The opposition of science to religion—like the correlative binaries of reason and revelation, rationality and irrationality—is central to the way in which the West has organized its intellectual history. 1 Such oppositions instantiate the claim that the advance of science and the scientific method at once presupposes and demonstrates the illegitimacy of metaphysical sources of knowledge about the natural and social worlds. Implicit in these developments is the promise of mastery—of control, not just over recalcitrant facts and things, but also over human suffering—through the application of scientific and technical solutions. The progress of science and the evolution of Western history toward an ever better quality of life are by this means rendered mutually constitutive. The culmination of this process is a modernity defined by what Bruno Latour terms a "double asymmetry": "It designates," he writes, "a break in the regular passage of time, [End Page 50] and designates a combat in which there are victors and vanquished." 2 The contours of modernity, in other words, congeal specifically in contrast to both the distant past of the ancients and the more immediate past of the Middle Ages in which a "great chain of being" issuing from God was said to hold sway.

This ordering of past and present is rooted in the worlds of the scientific revolution, the Enlightenment, and most recently the nineteenth-century heyday of philosophical materialism—yet its presuppositions retain a powerful purchase in contemporary scholarship. Its assumptions and polarities—and the standards of knowledge and methods of explanation they establish—are sharpened in what is called scientism: the presumption of more recent provenance that the natural or hard sciences provide a model appropriate for the acquisition of all knowledge. 3 Bringing to bear the precision, systematicity, and abstractions of science on the understanding of human behavior represents a conscious rejection of the Aristotelian belief in the "impossibility of scientizing praxis"; and thus, the application of scientistic standards and methods to human action is a dimension of the modern victory over the past. 4 Under the impact of rational-choice theory, the most recent extension of this victory into social studies, political science departments in particular have been roiled by the attempt to transform the study of politics from a variety of soft qualitative work into an exact science comparable to the study of markets or protons. 5

The polarities on which the idea of modernity has depended are increasingly challenged in our day by religiopolitical movements whose membership and practices suggest that, far from eroding the purchase of religion, the deepening knowledge of science may quicken a sense of the divine hand in the world.
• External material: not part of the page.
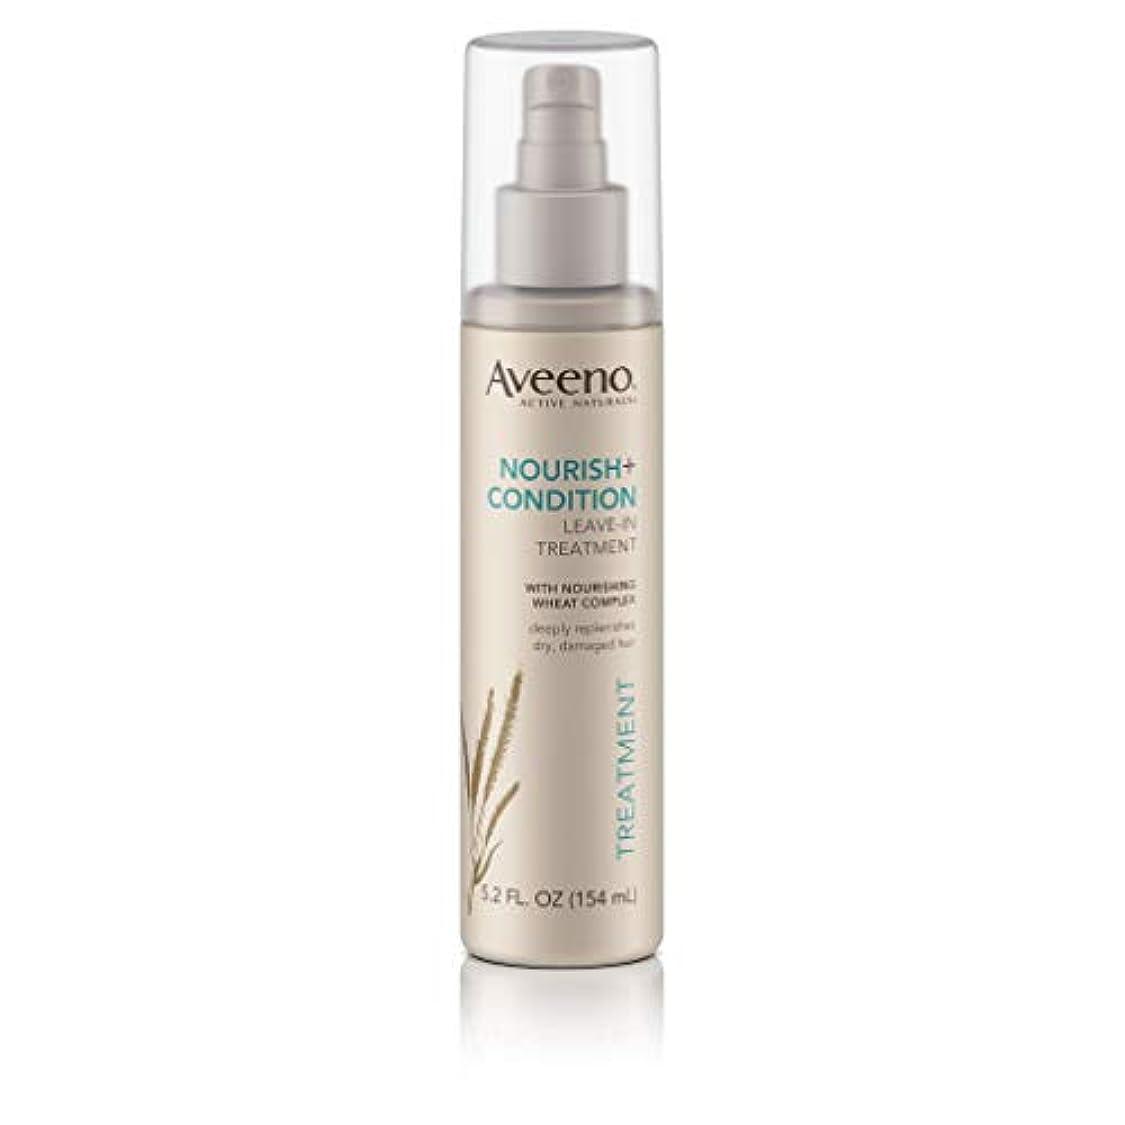 販売員債務者一般Aveeno Nourish+ Condition Treatment Spray 150g (並行輸入品)

After the events of September 11, 2001, this challenge is nowhere clearer than in the makeup of Al-Qaeda, the network of Islamic fundamentalists (or Islamists) linked to Osama bin Laden and tied not only to the attacks on the World Trade [End Page 51] Center and Pentagon in 2001, but also to the 1992 bombing of a Yemen hotel containing American soldiers, the 1993 bombing of the World Trade Center, the bombings of two U.S. embassies in Africa in 1998, and the destruction of the USS Cole in Yemen in 2000. 6 Unlike the often impoverished and uneducated Afghan fighters of the Taliban, a significant part of Al-Qaeda comprises middle-class, somewhat cosmopolitan young men with advanced education, often in the hard or applied sciences. Several Al-Qaeda lieutenants pursued studies in, for example, psychology, medicine, and engineering; 7 Mohammed Saddiq Odeh, convicted in connection with the bombing of the American embassy in Nairobi, studied architecture and engineering in the Philippines; 8 Mohamed Atta, the alleged ringleader of the September 11 attack, had been a student at the Technical University of Hamburg, and his confederates included Ziad Jarrahi, who studied at Hamburg's University of Applied Sciences. 9 The apparent affinity of Muslim fundamentalists for...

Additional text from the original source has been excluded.